Глава 6. Человек-птица

По пути в туалет Заплетин приметил чем-то знакомого субъекта, сидевшего за столиком на двоих, тот столик неловко притулился к узкому простенку между дверями, ведущими в кухню и в туалет. Он взглянул на субъекта внимательней. Да, это был тот самый Иосиф, с которым Заплетин буквально на днях познакомился в русской церкви.

Там к нему после литургии подошёл староста церкви, пожилой, всегда приветливый мужчина с круглым веснушчатым лицом. Так уж сложилось среди людей, что у любого человека имеются если не враги, то недоброжелатели, завистники. Староста был человек добрейший, вежливый, мягкий, ко всем внимательный, но всё ж за спиной его поговаривали, будто в войну он был полицаем в селе, оккупированном фашистами, и даже участвовал в расстрелах своих же односельчан, а сейчас, мол, в роли церковного старосты замаливает грехи. Как, почему зародился тот слух? Нигде не написано, нет свидетелей, никто не сумел бы тот слух доказать, но к чему человечеству доказательства, если из собственного пальца можно высосать что угодно.

– Надо помочь одному человеку, – тихо сказал староста. – Из вашей иммиграции. Еврей. Говорит, разыскивал синагогу, а его направили в нашу церковь. Говорит, что приехал из Нью-Йорка, а вернее, как он выразился, сбежал, после того, как его ограбили. Никого в Лос-Анджелесе не знает. Он музыкант. Скрипач, кажется. И вы у нас известный музыкант. Поговорите с ним, пожалуйста.

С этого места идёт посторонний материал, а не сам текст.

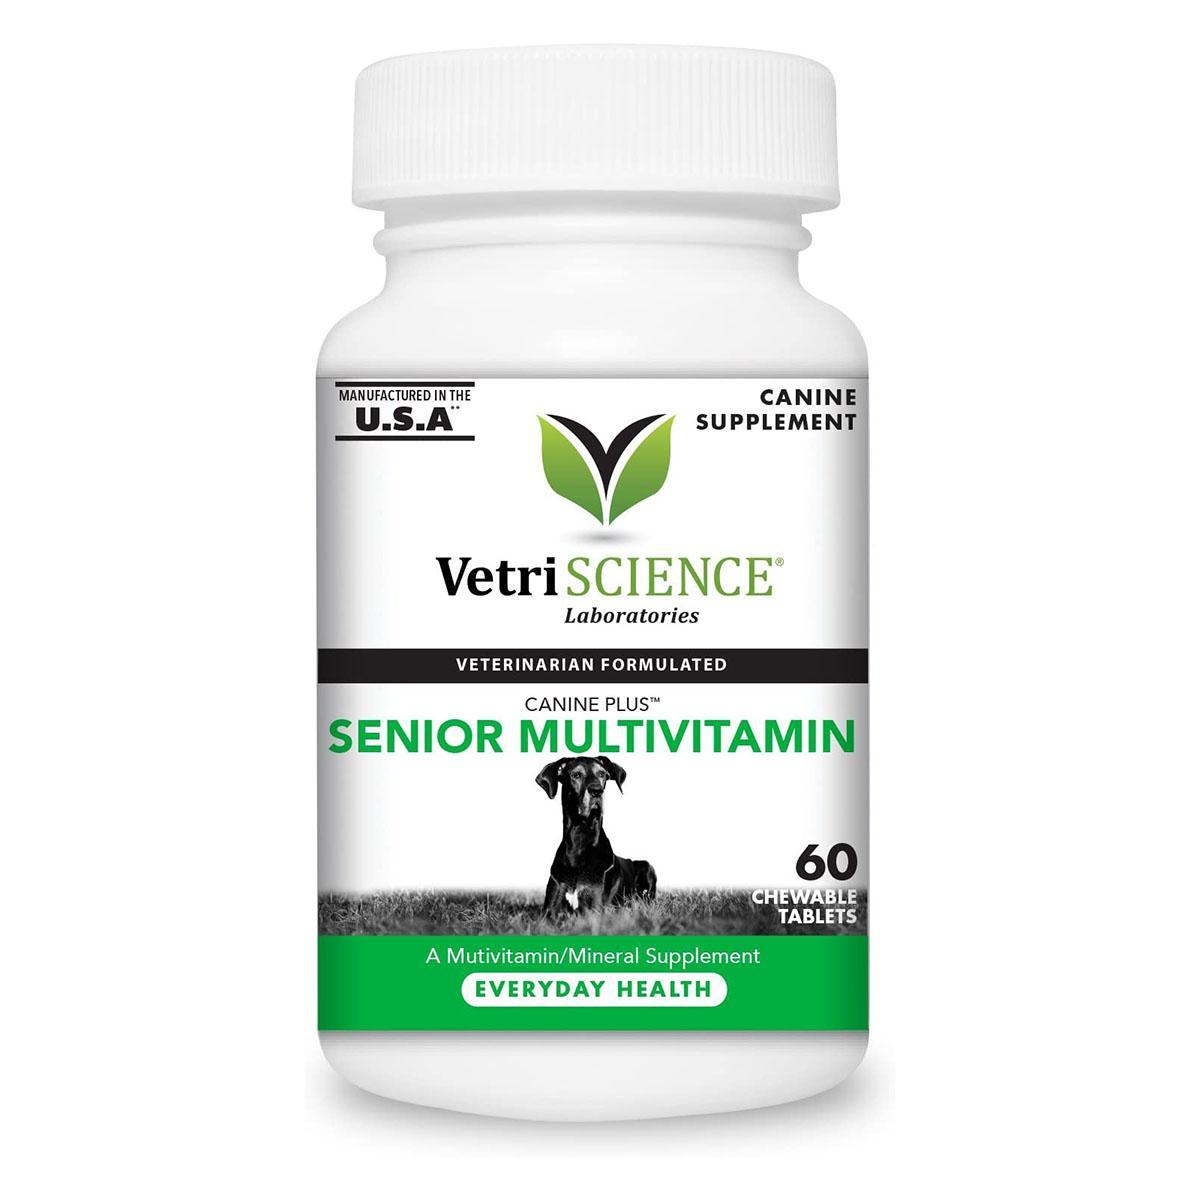 VetriScience Canine Plus Senior Multivitamin Dog Chewable Tablets

В сторонке их поджидал человек с лицом избитым и изнурённым, давно не стриженный и небритый, одетый в помятое и замызганное, возраста от тридцати до сорока. Акушер, извлекавший его на свет, как будто, нарочно слепил его череп в виде отчётливого конуса. Голова к подбородку так сильно сужалась, что еле хватало места для рта.

– Так что с вами случилось в Нью-Йорке? – осторожно спросил Заплетин.

– Да, – подтвердил Иосиф тот факт, что в Нью-Йорке его пытались ограбить, а в отместку за то, что в кошельке оказалось всего четыре доллара, его ещё и отколошматили.

– Кроме того, – понизил он голос, – но вы этого не рассказывайте, меня те же люди изнасиловали. Две чёрные нью-йоркские гориллы. Я всегда неодобрительно относился к проявлениям расизма, но после того, как эти негры так надругались надо мной… Нью-Йорк мне не нравился никогда, и это была последняя капля – если подобное потрясение можно назвать таким маленьким словом. К тому же, я потерял работу, а кто-то сказал, что, вот, мол, в Лос-Анджелесе все музыканты нарасхват. Вот я и приехал поглядеть.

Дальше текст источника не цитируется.